Esistono due tipologie di illegittimità: formale e sostanziale.
L’illegittimità formale si può osservare quando vi sono lacune nella forma (ad esempio un
atto adottato da un organo, che manca dei requisiti necessari).
L’illegittimità sostanziale è quella osservabile nella sostanza dell’atto stesso.

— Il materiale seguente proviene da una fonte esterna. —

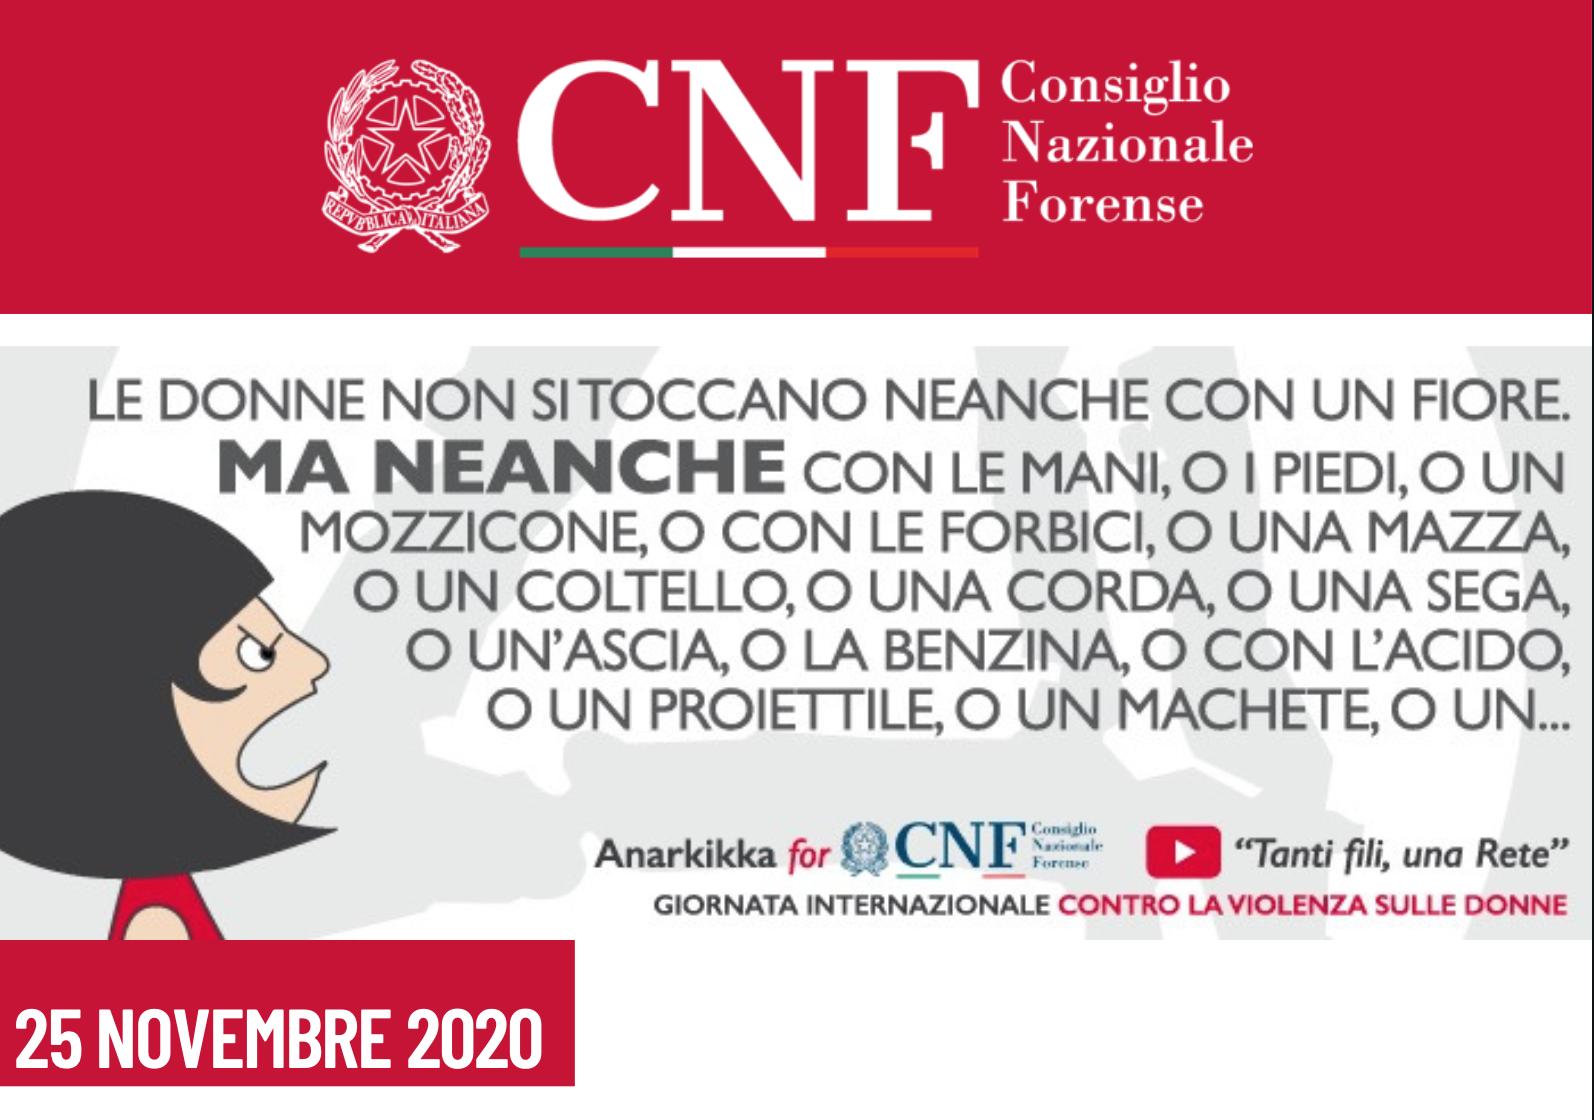 Violenza donne, Al via campagna CNF con Ministra Bonetti

Il soggetto che obbedendo ad un ordine commette astrattamente un reato viene
giustificato se l’ordine è legittimo.
Viene anche giustificato il soggetto che obbedisce ad un ordine dotato di legittimità
formale, ma carente della legittimità sostanziale.
LEZIONE N. 7
Nel momento in cui il giornalista si limita a riportare un fatto, senza generalizzare la
persona oggetto di indagine e omette commenti aggressivi, non fa altro che svolgere
l’attività di cronista.
L’art. 51 c.p. esprime il principio di non contraddittorietà, quindi riporta per iscritto il
principio per il quale il sistema non può concedere un diritto per poi punirlo.
Quando la condotta integra un reato, ma è tenuta all’interno di un sistema permissivo
decade il concetto di antigiuridicità.
LEGITTIMA DIFESA: art. 52 c.p.
Modificata e integrata l’anno scorso della difesa legittima domiciliare, la legittima difesa
viene posta in essere quando il soggetto commette il fatto per difendere un proprio o altrui
diritto da un’imminente offesa. Tra la legittima difesa e l’offesa deve intercorrere il concetto
di proporzionalità. La legittima difesa è generica, mentre lo stato di necessità si applica
solamente alla tutela della persona.
La lesione del diritto del soggetto offeso è giusta solo se il soggetto colpito stava tenendo
un comportamento ingiusto.
Chi si avvale della legittima difesa deve giustificare il proprio comportamento dimostrando
il pericolo e l’imminenza, ovvero l’offesa deve essere in itinere.
Inoltre vi deve essere anche l’inevitabilità del pericolo.
Quando il soggetto aggredito ha una scelta alternativa alla replica deve percorrerla.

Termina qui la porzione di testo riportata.